Pada 1955, angklung kembali menggema pada jamuan makan malam delegasi Konferensi Asia Afrika di Bandung. Tahun 2010, Organisasi Pendidikan, Ilmu Pengetahuan, dan Kebudayaan Perserikatan Bangsa-Bangsa (UNESCO) mengakui angklung sebagai warisan budaya tak benda.
Filosofi bambu
Bagi masyarakat Sunda Wiwitan di Kuningan, angklung dan alat musik bambu lainnya menjadi bagian filosofi hidup. Dewi Kanti Setianingsih (43), putri bungsu Pangeran Djatikusumah (86), sesepuh Sunda Wiwitan, mengatakan, bambu dalam bahasa Sunda adalah awi.
”Awi memiliki makna kesadaran asali (bersifat asal) atau wiwitan. Bambu tidak dapat disatukan dengan tanaman lain, seperti singkong, karena berbeda. Seperti itulah kesadaran asali. Kita mampu mengenali asal diri kita masing-masing dan saling menghormati,” ujar Dewi.
Angklung tidak bisa dipisahkan dari budaya berladang. Saat ritual adat Seren Taun di Kuningan, ada agenda pembuangan hama, bukan pemusnahan, di Situ Hyang. Saat itu, warga berjalan sambil menabuh bambu. Harapannya, pada masa tanam selanjutnya hama dapat dikendalikan.
Menurut Dadang Sudarsa (61), seniman sekaligus perajin angklung di Kuningan, pada 1990-an, angklung pentatonik dimainkan dalam pentas seni Reog Cengal bersama gong dan gendang.
Dadang merupakan murid Muhammad Satari, yang dikenal sebagai Pak Kucit, yang diyakini sebagai pembuat angklung pertama di Kuningan. Kucit merupakan singkatan dari Kuwu (kepala desa) Citangtu.
”Dulu, di desa ini ada dua perajin murid Pak Kucit. Sekarang, tinggal saya yang masih hidup,” ujar Dadang yang pandai membuat suling hingga terompet khas pencak silat. Ia memperkirakan, tersisa tiga perajin yang masih aktif membuat angklung di Kuningan.
Padahal, Kuningan kaya dengan pohon bambu yang tersebar di Cigugur, Maleber, dan Luragung. Pemerintah Kabupaten Kuningan membuat taman tematik khusus bambu di Kebun Raya Kuningan. Bambu untuk angklung harus berumur lebih dari dua tahun.

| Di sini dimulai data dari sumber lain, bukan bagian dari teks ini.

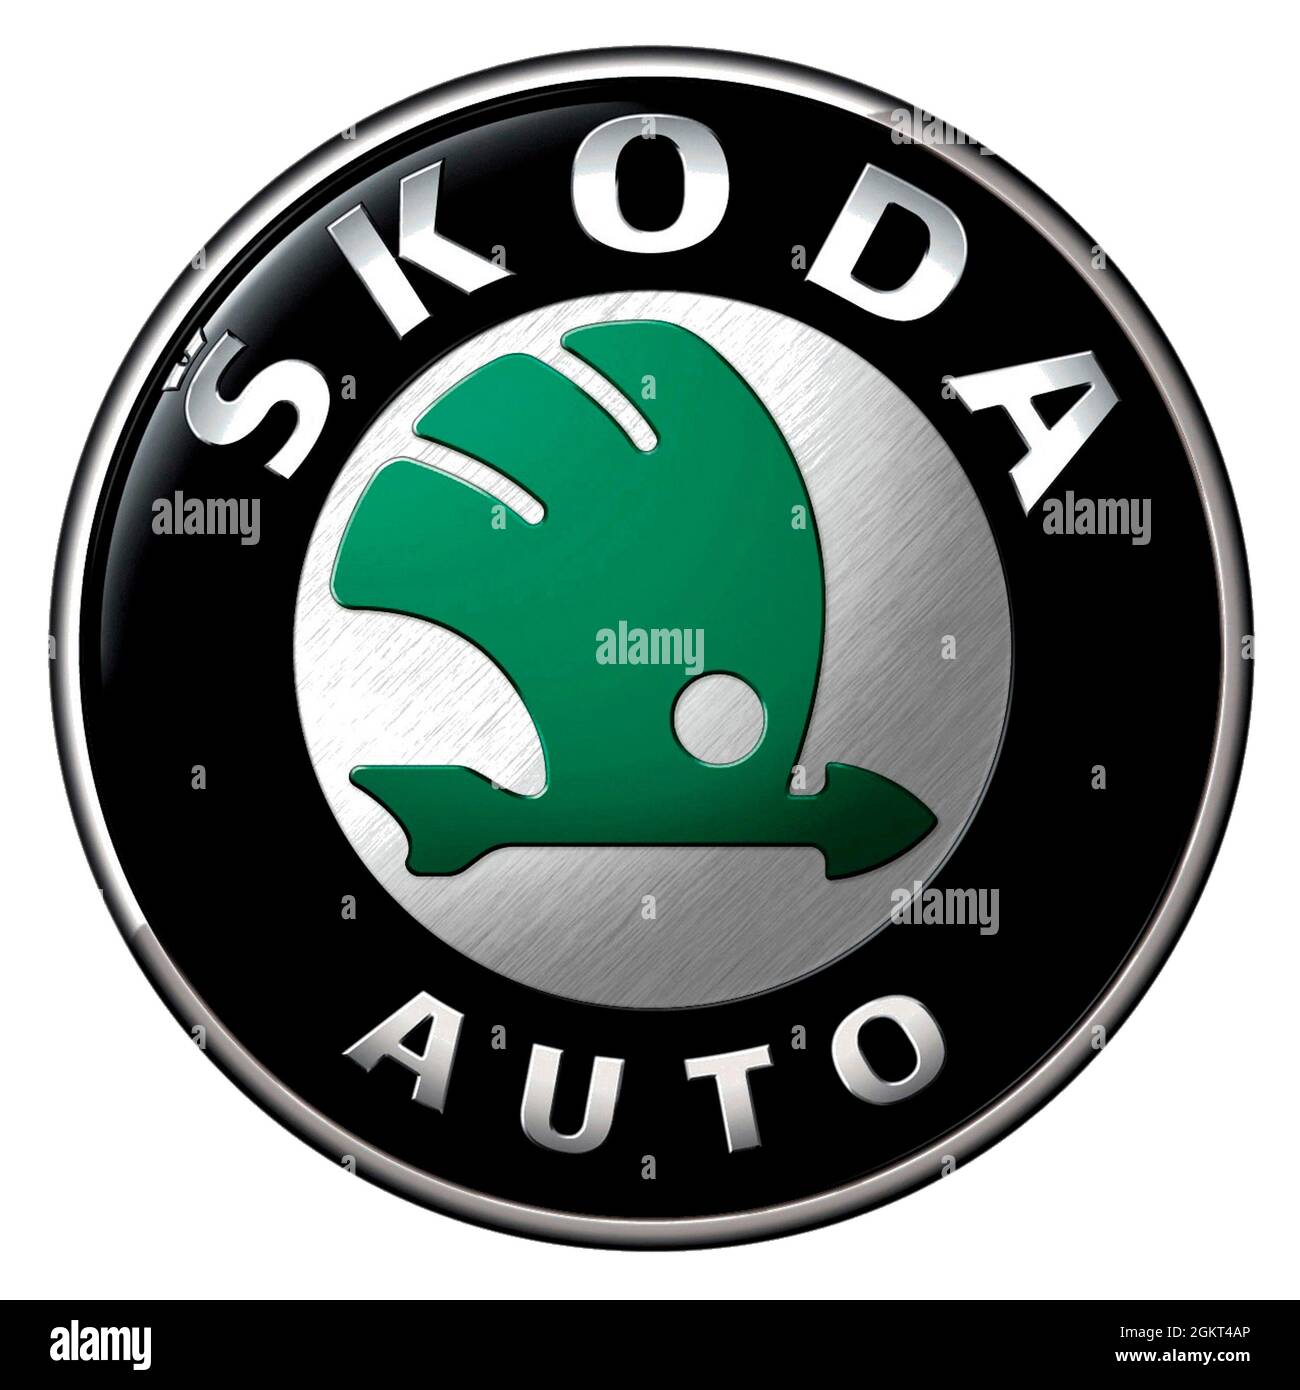 Logotipo de la empresa del fabricante checo de automóviles Skoda con sede en Mlada Boleslav - empresa filial del grupo alemán de fabricación de automóviles Volkswagen Foto de stock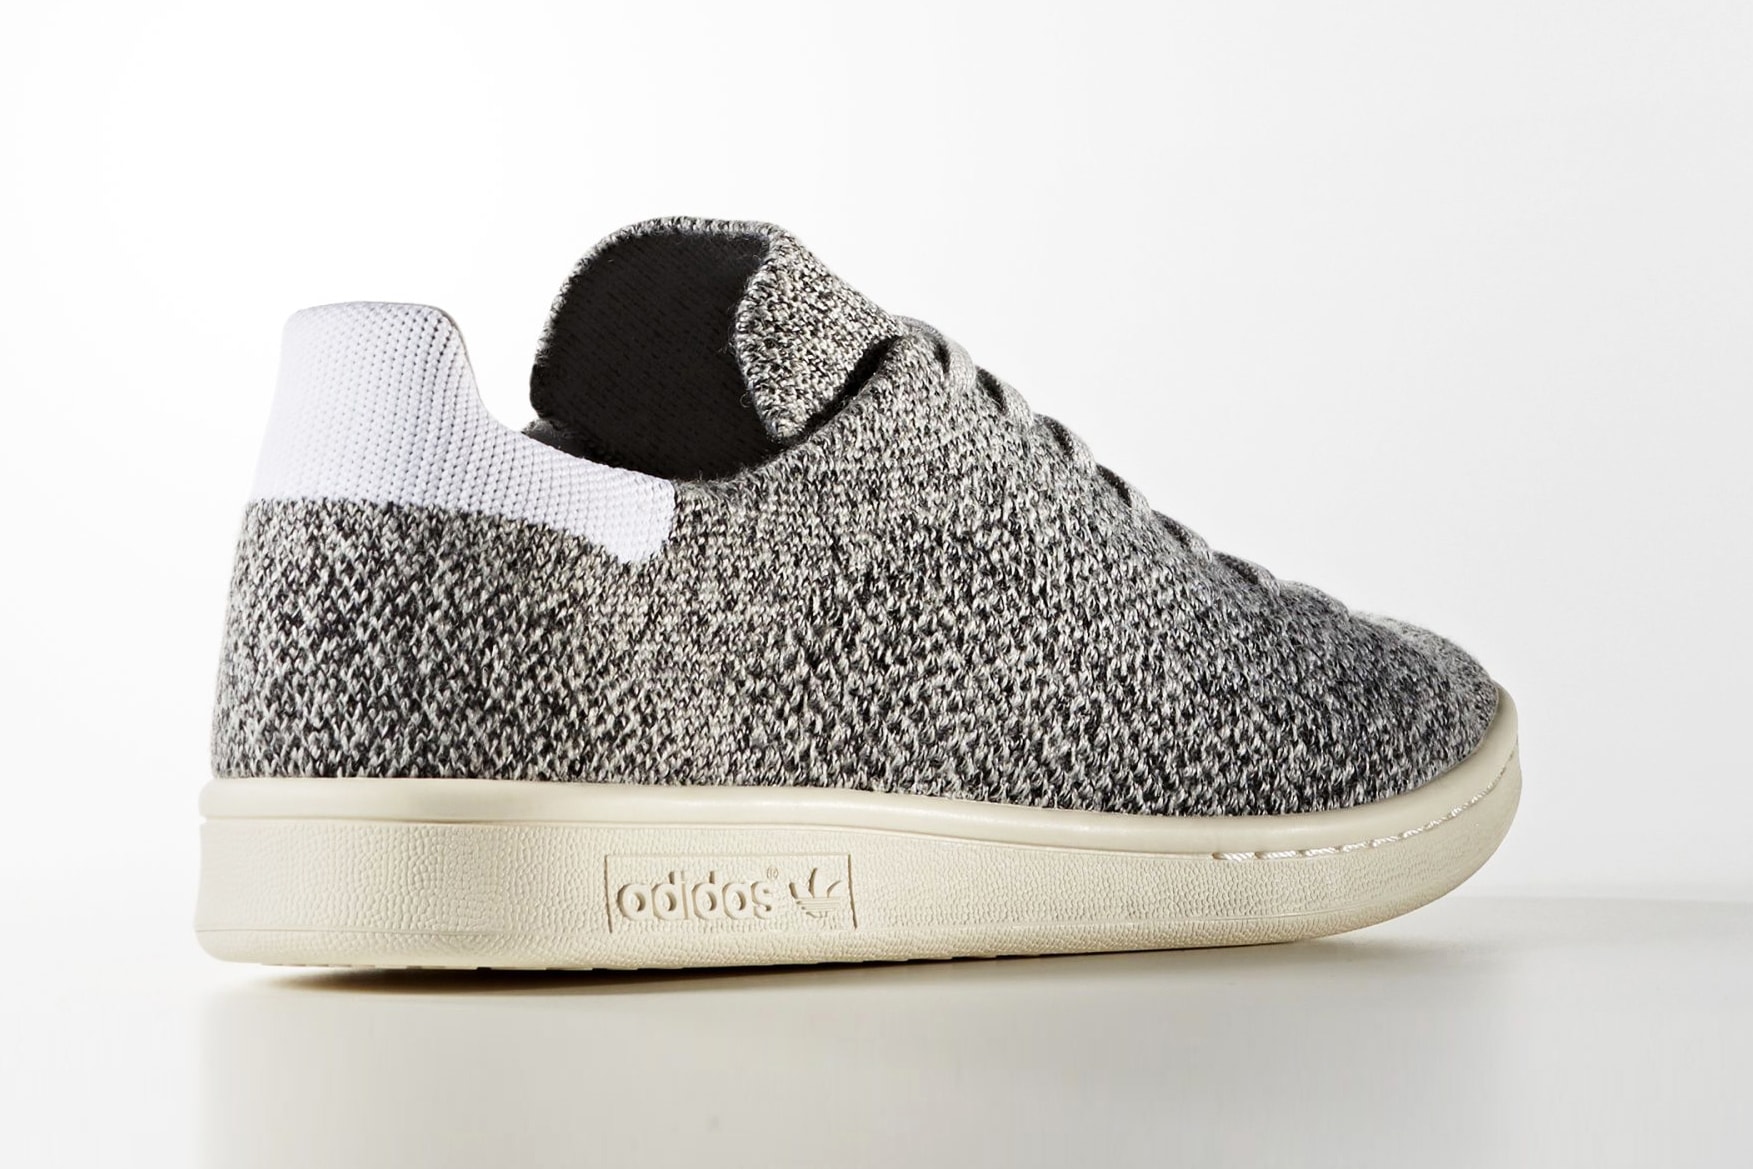 adidas originals stan smith wool primeknit in grey color

Bambu harus diambil pada bulan tertentu, yakni Februari-Juni. Sebelum perubahan iklim tak menentu seperti sekarang, saat itu biasanya musim kemarau. Dengan kadar air yang minim, kualitas angklung bakal lebih baik.
Dadang mengatakan, beberapa tahun terakhir, permintaan angklung dari Kuningan dan Cirebon meningkat. ”Saya pernah bikin 600 angklung. Dulu 1990-an paling banyak cuma 40 angklung. Mungkin perajinnya sekarang sudah tak banyak. Saya pernah membuka pelatihan pembuatan angklung gratis. Namun, tidak ada yang tertarik,” ujar Ketua Nayaga Kuningan tersebut.
Pendi (45), pendiri Sanggar Angklung Lumbu di Cigugur, berharap Pemkab Kuningan mendukung perajin angklung yang tinggal sedikit.
Kepala Dinas Pemuda, Olahraga, dan Pariwisata Kuningan Jaka Chaerul mengatakan, pihaknya berupaya mengembangkan angklung dengan mencanangkan angklung sebagai kegiatan ekstrakurikuler sekolah hingga festival untuk menarik wisatawan. ”Namun, anggaran untuk pengembangan destinasi wisata hanya Rp 200 juta. Anggaran pariwisata keseluruhan Rp 4 miliar. Padahal, tahun 2017 Rp 22 miliar,” katanya.
Angklung Kuningan telah menorehkan sejarah untuk peradaban dunia. Ini menjadi alasan untuk tetap melestarikan angklung.